Work task »
Which lines run from the one containing "Tom Dixon Mirror Ball Vloerlamp � 25 cm" to the end of the material below? Copy them exactly, pictures excluded.

Data segment »
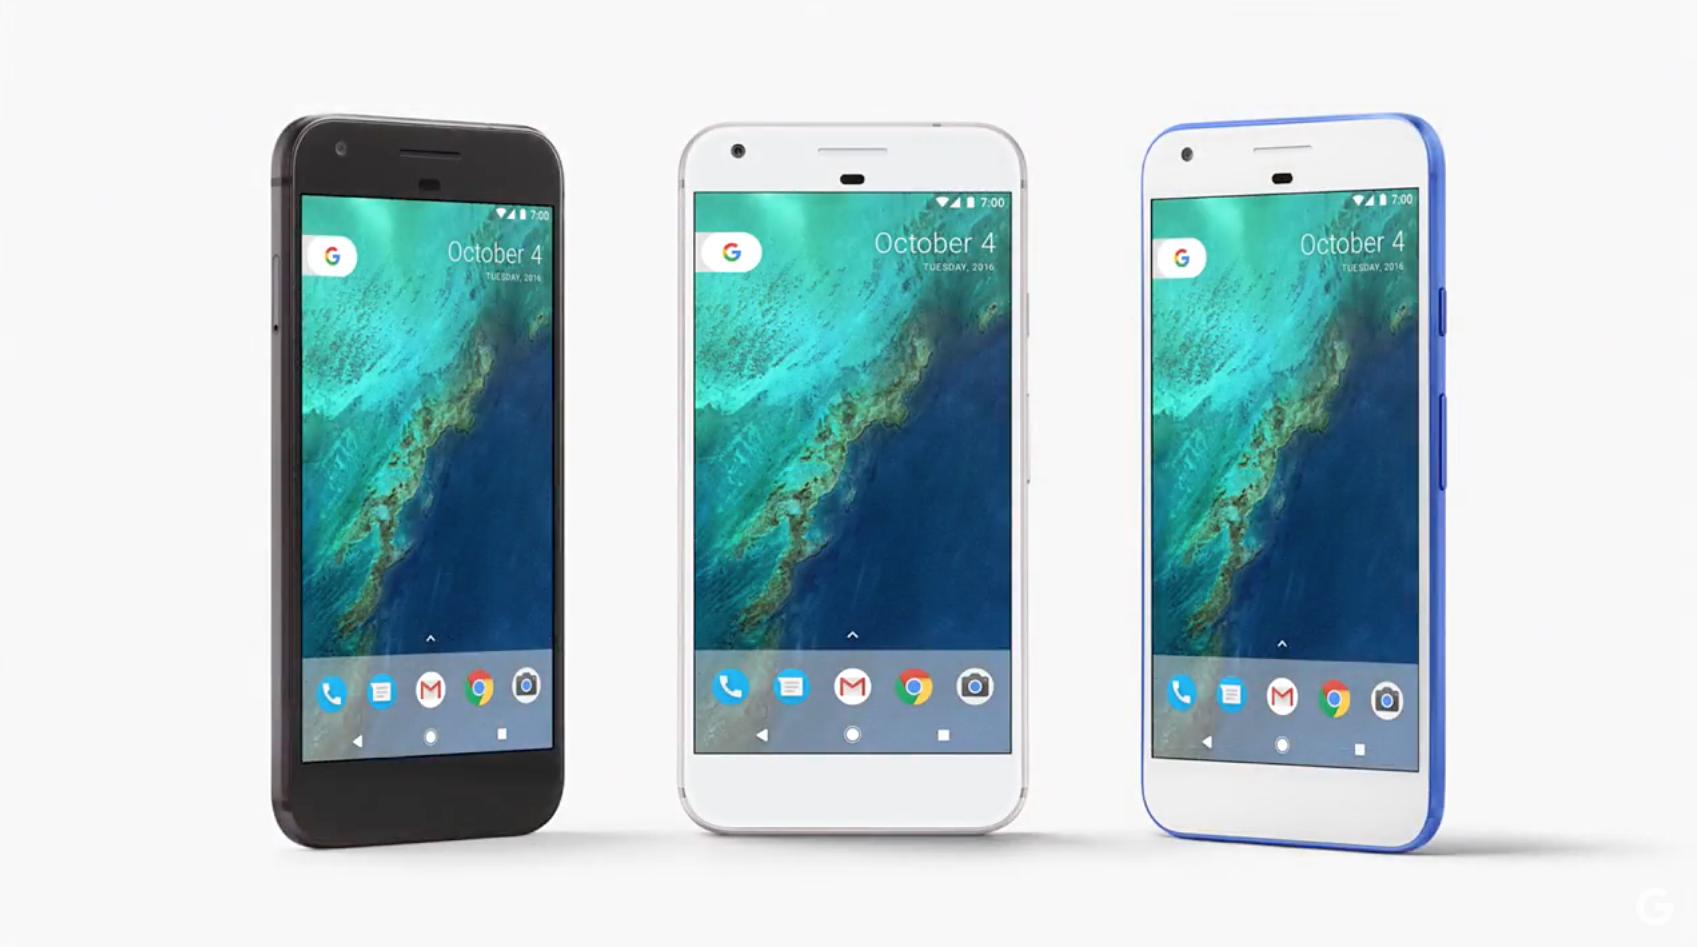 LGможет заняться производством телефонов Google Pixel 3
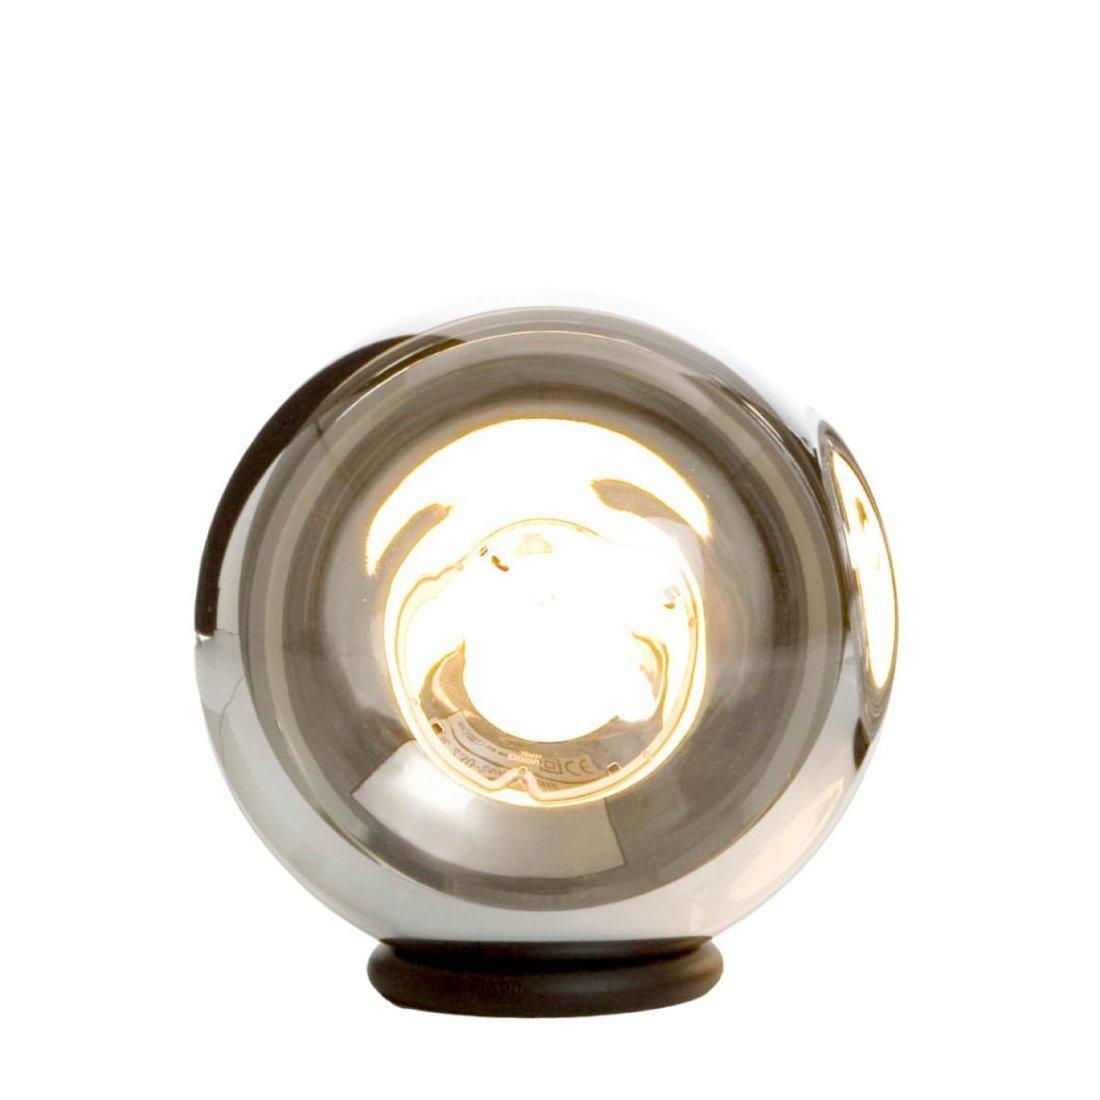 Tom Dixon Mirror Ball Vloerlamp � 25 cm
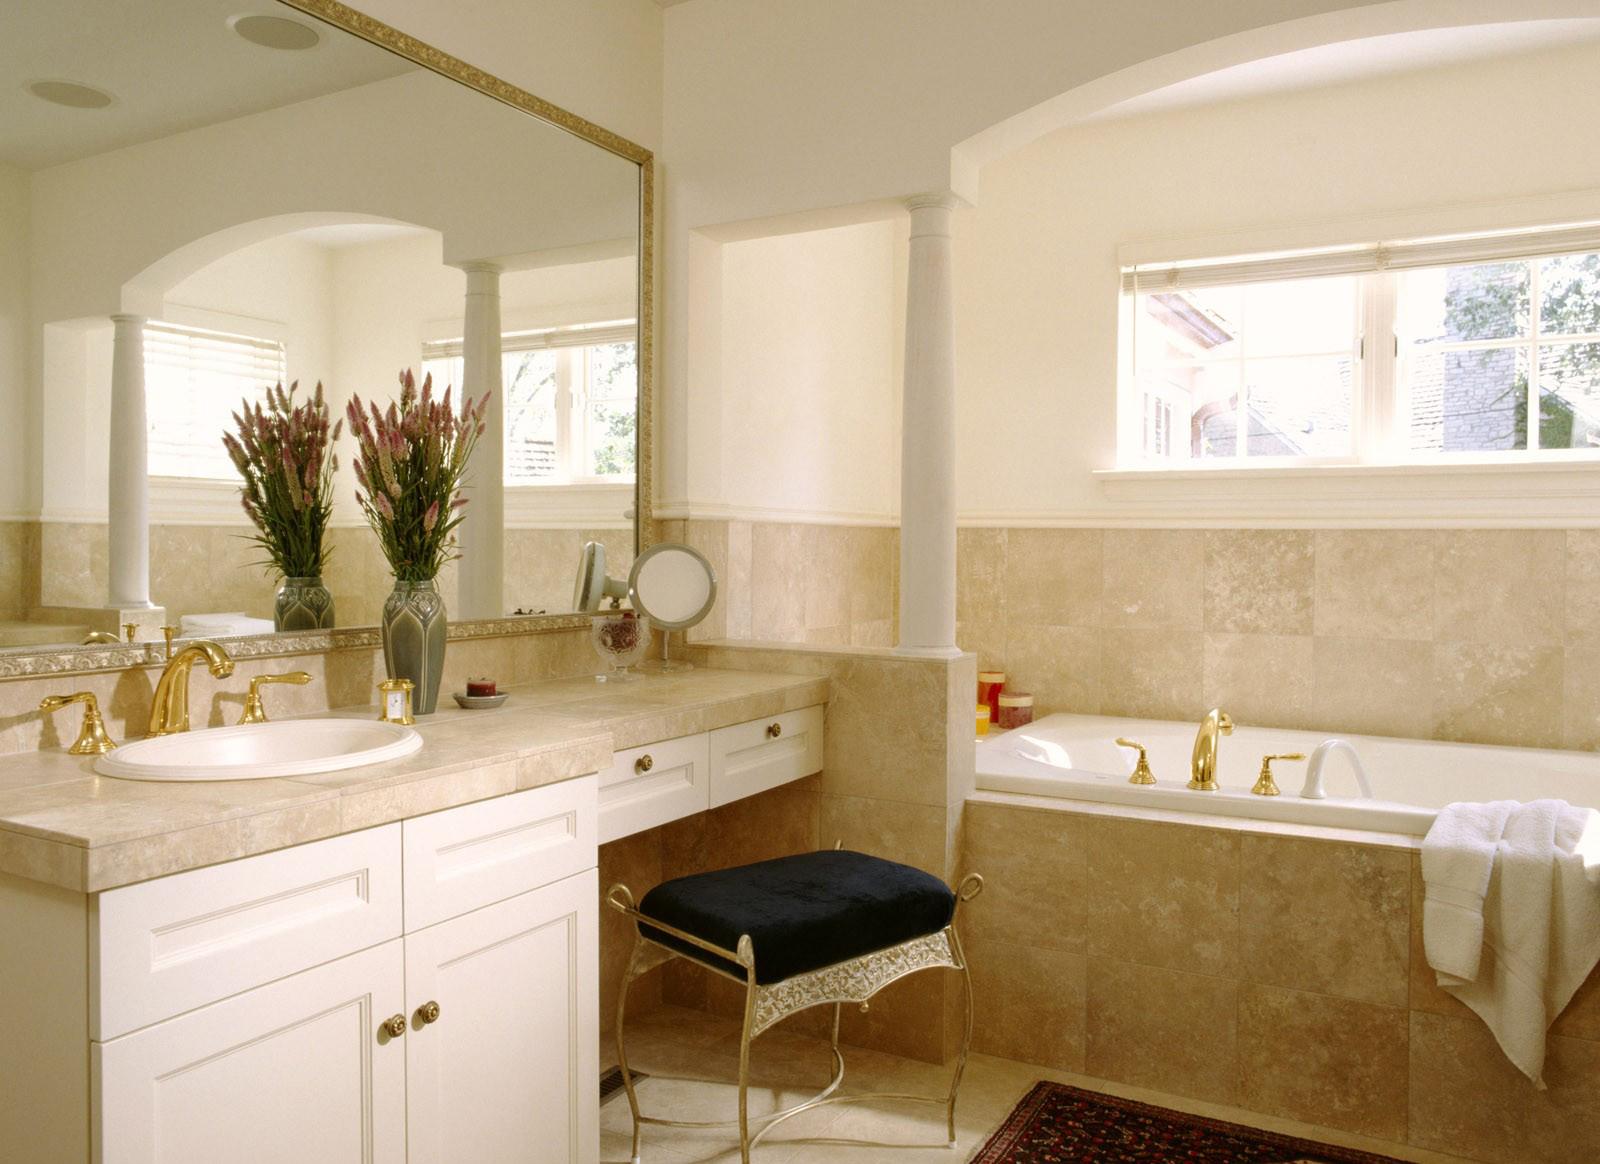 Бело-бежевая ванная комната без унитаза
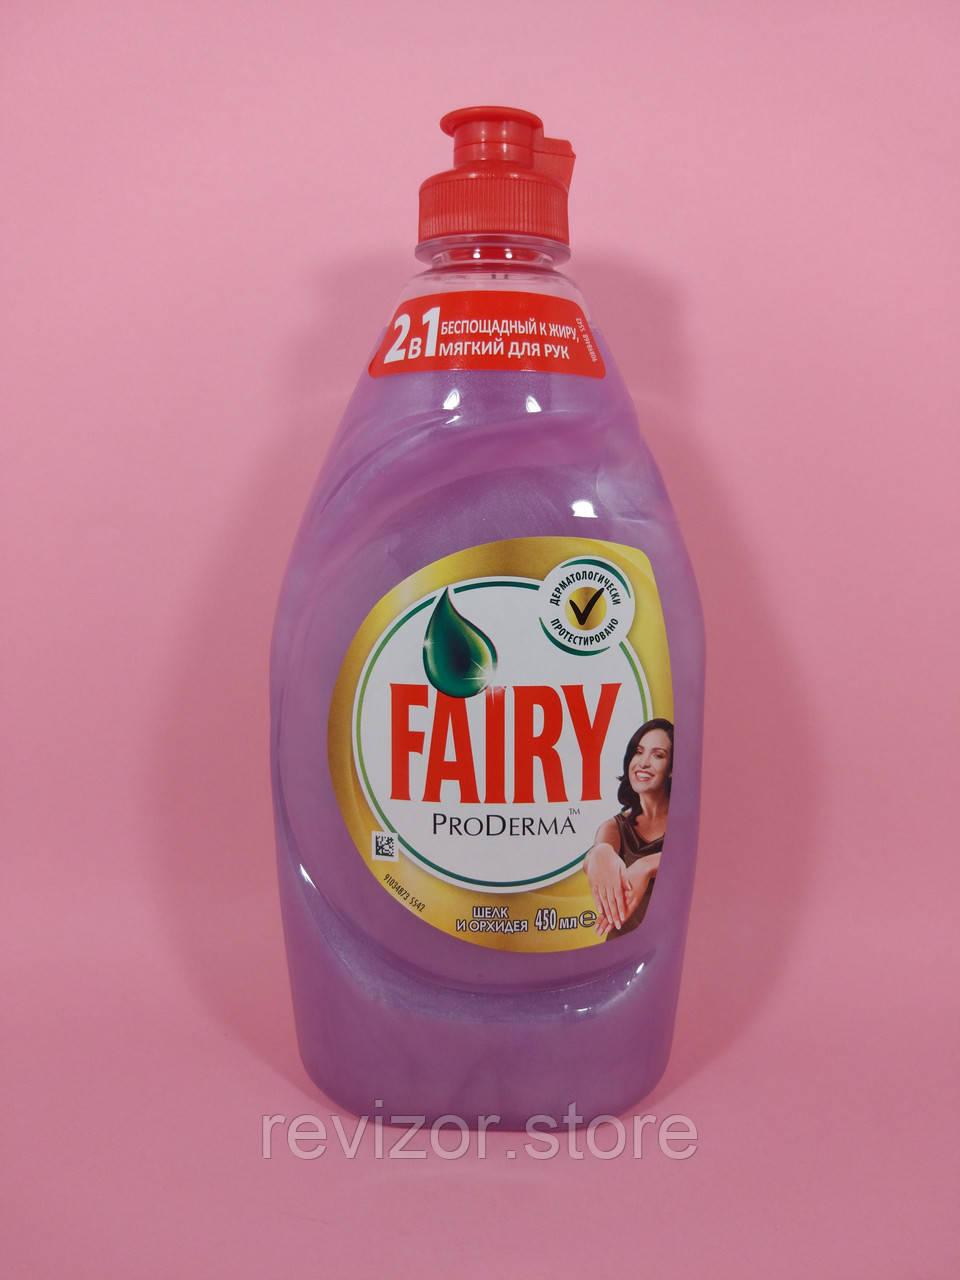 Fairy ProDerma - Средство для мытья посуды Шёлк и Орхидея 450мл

Result »
 Tom Dixon Mirror Ball Vloerlamp � 25 cm
 Бело-бежевая ванная комната без унитаза
 Fairy ProDerma - Средство для мытья посуды Шёлк и Орхидея 450мл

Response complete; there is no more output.